A Fault-Tolerant Secure Distributed File System

(FTSDFS)

Arun A Kumar

Fei Lu

Submitted for the course CS 600.442, Cryptography and Network Security

as a Final Project

December 2001

Baltimore

Abstract

This projects attempts to create a secure, fault-tolerant environment for users to store files.

The files that need to be stored are first split into n shares, appended with their hash values, encrypted and then stored on n servers. The system will retrieve files as long as at least t (t<n) servers are functional. A malicious user cannot retrieve the file, as the file is encrypted. In addition, it would take at least t malicious users to destroy the file. The system is resistant against all types of active as well as passive malicious attacks.

It currently supports most variants of Unix, including, but not limited to Solaris® and Linux.

The application assumes that the failure of the servers will not exceed t out of n (both chosen dynamically by the user). The files are stored using the IDA[1] scheme. But, since this scheme is not totally secure, and some information about the original file can be extracted out of partial shares, the file is encrypted using AES after dispersal. The system is flexible enough to accept key sizes of 128 or 192 or 256 bits as the secret key. AES has been implemented using the CBC mode. AES encryption makes the system secure. Hence, the security of the system is dependant on safe storage of the secret key. The key may be stored securely on a smart card or a similar device. In addition, each share is appended with its hash value (MD5) and an update counter (to resolve update inconsistencies). The interface to the file system is through the GNU Midnight Commander. This form of an implementation makes it analogous to threshold cryptography schemes like the one proposed by Shamir – ‘How to Share a Secret’, 1979. But, this scheme is highly space efficient in the sense that each share requires only m/t bytes of data (where m is the size of the original file) + a constant overhead which is the initialization vector + size of the hash function.

System Description

The application is client-server based.
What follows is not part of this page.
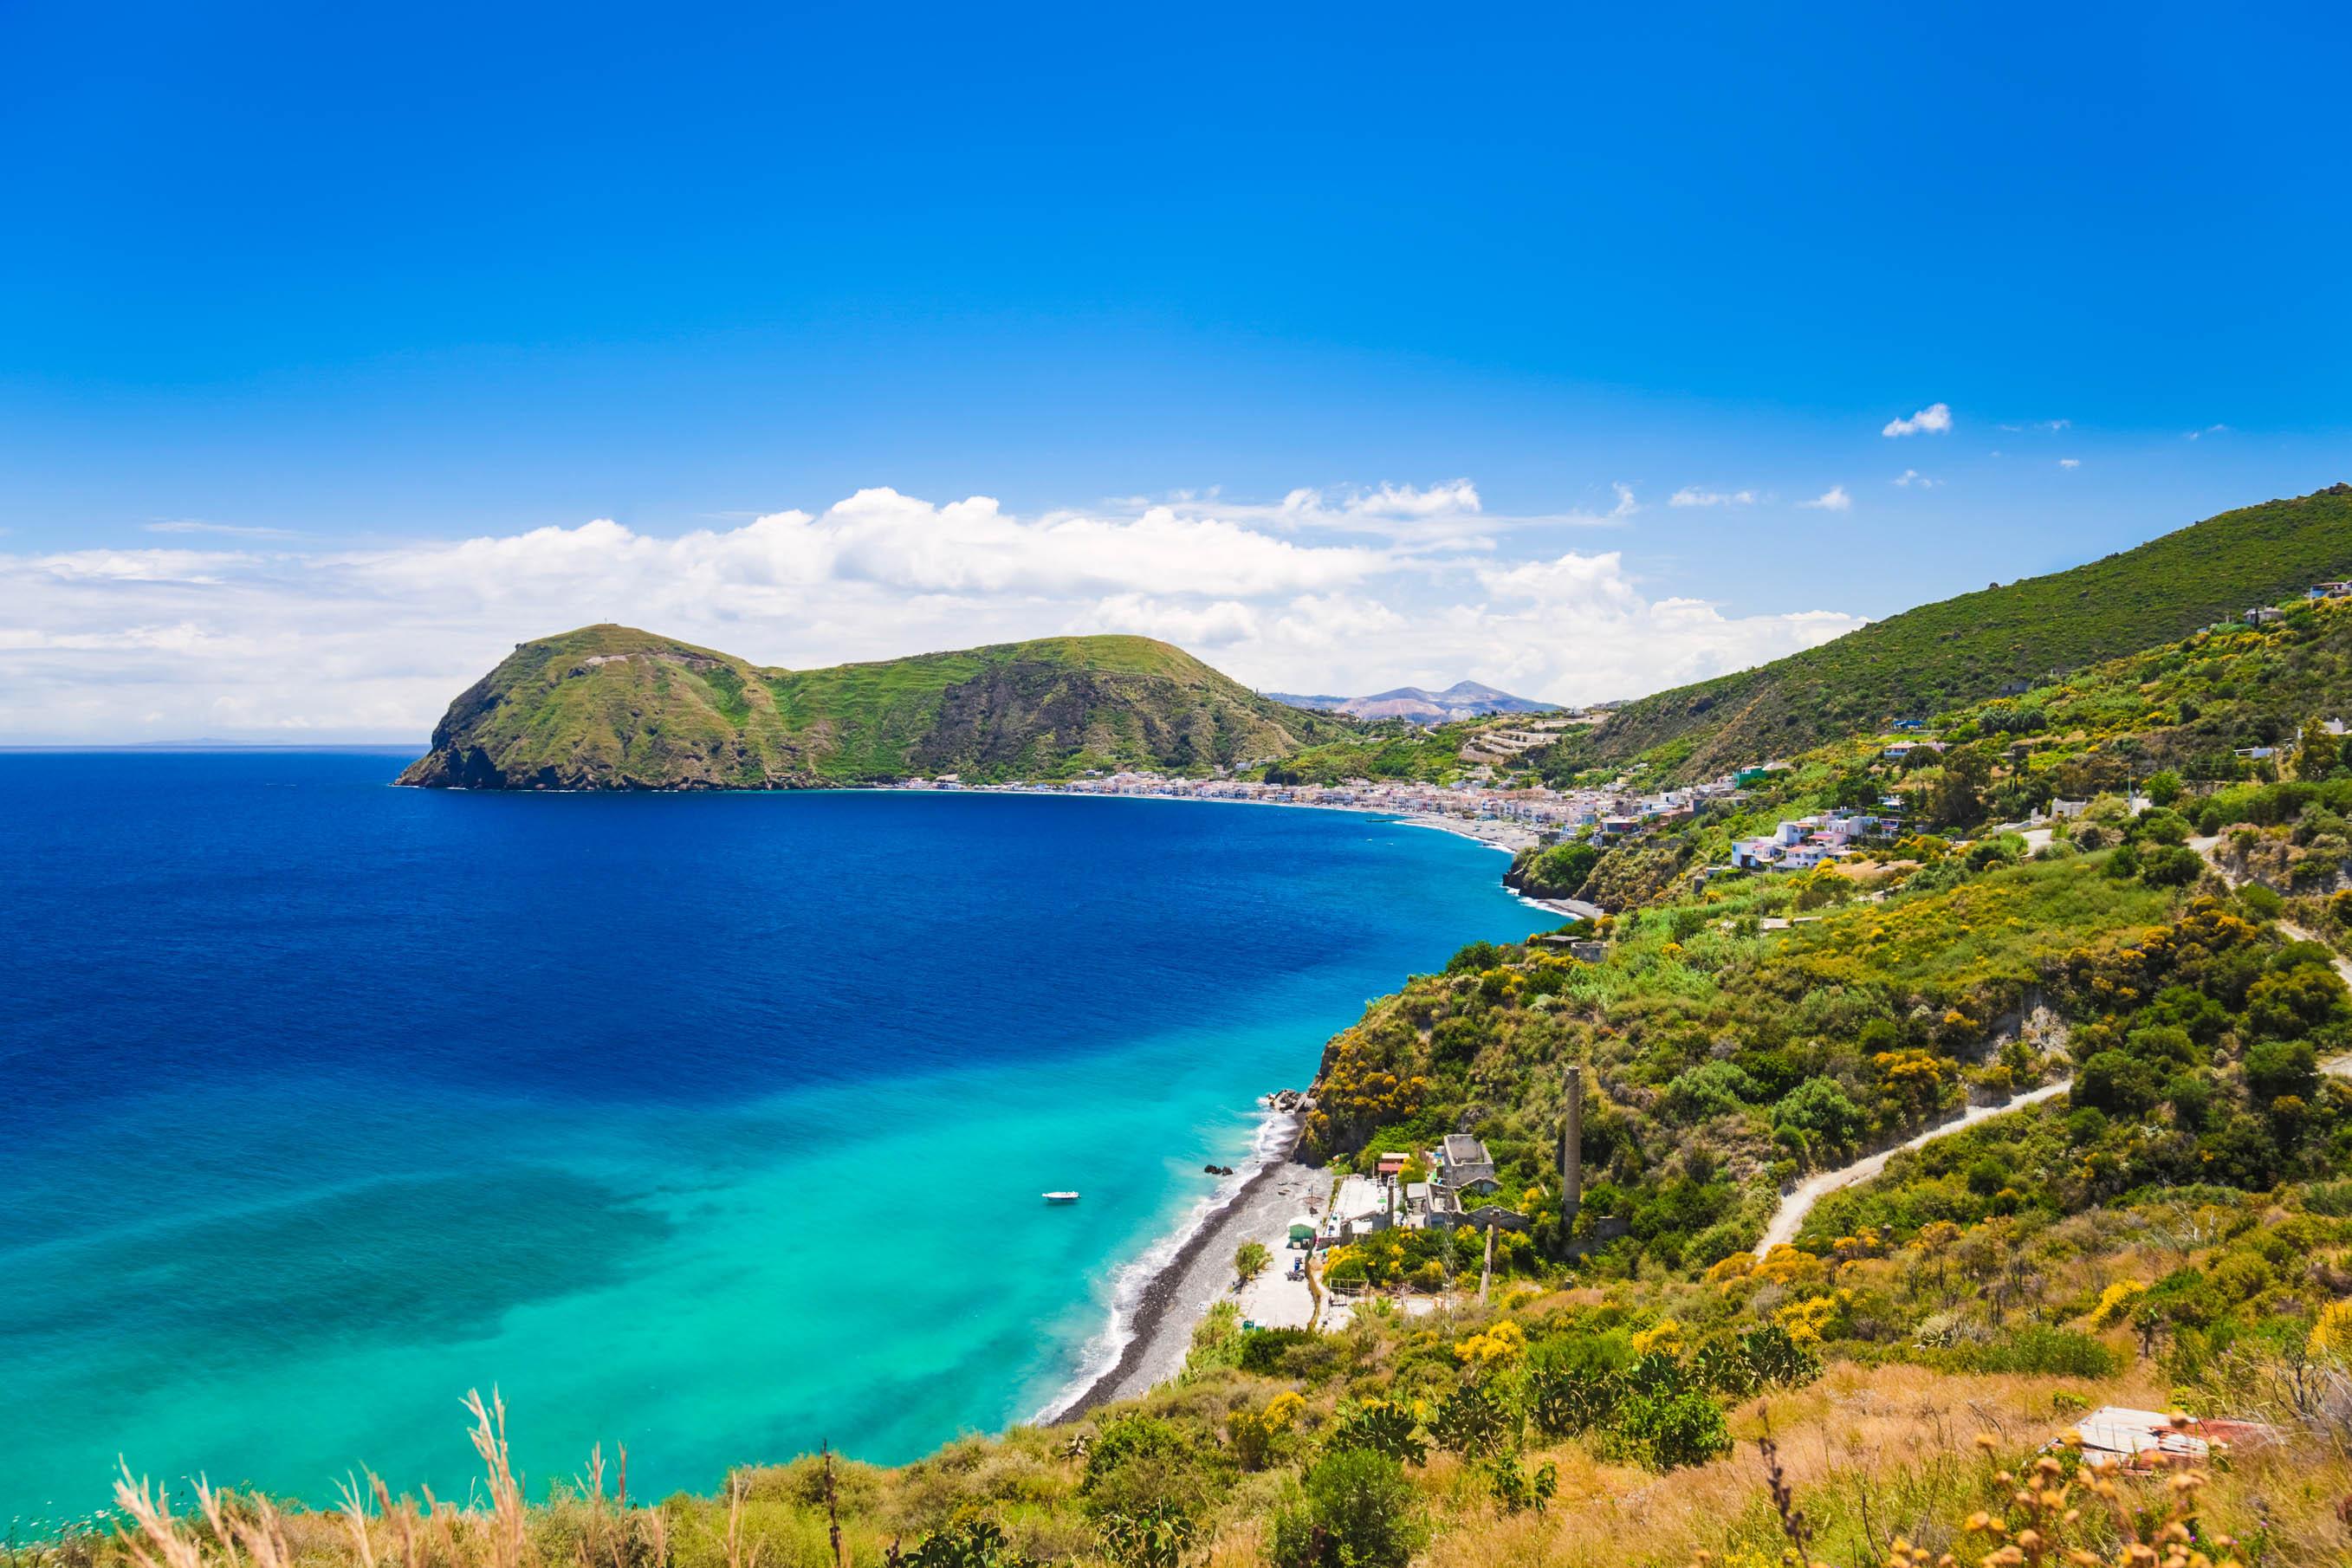 Die Küste der Liparischen Inseln fällt teils steil ins türkise Meer ab.

The client provides a major part of the functionality. This is done intentionally so that the failure or compromise of a server does not compromise security. The client is responsible for splitting, combining, encrypting, decrypting files and computing the hash values.

The Client

The interface for the client used is that of the GNU Midnight Commander, which was the first file manager used for the GNOME project. The initial code was obtained from the GNU free software foundation. It has been modified to incorporate code to let it access the distributed file system. Initially, when a connection is requested between the client and the distributed file system, the client authenticates the user with the server. Hence, the user must have an account on each of the servers that forms the distributed server network. Once authenticated, the distributed file server gives access to all files that belong to the user who is logged in. The files in the current directory structure are shown on a pane on the user interface.

Whenever the user copies a file from the local file system to the distributed file system, the client obtains a 128/192/256 bit key from the user for encrypting the file. The file is passed on to the part of the code implementing IDA. This splits the file into n shares, each of length m/t, where m is the length of the file. Each file is identical in size. These files are written to the local file system with a random string appended to the each of the filenames, as they are all stored on the same location. After dispersing, it calculates the hash value (MD5) for each share and appends it to the file along with an update counter that is incremented every time the file is updated. It then uses AES in CBC mode to encrypt each share with the same key. The IV (initializing vector) for the AES is also stored in the encrypted file as a 16byte header. The IV is generated using a pseudo random number generator. The first byte in the next block is used to store the length of the last block. This is done because the file size need not necessarily be a multiple of 16 and hence, the last block size might vary between 1 and 16. Since only 4 bits are required to represent this number, the four higher order bits are filled with random bits and the actual block length is stored in the lower four bits. The subsequent blocks have 16 bytes of data. The encryption is then carried out and each share is updated on the local file system. The shares are then copied to the servers with their original filenames.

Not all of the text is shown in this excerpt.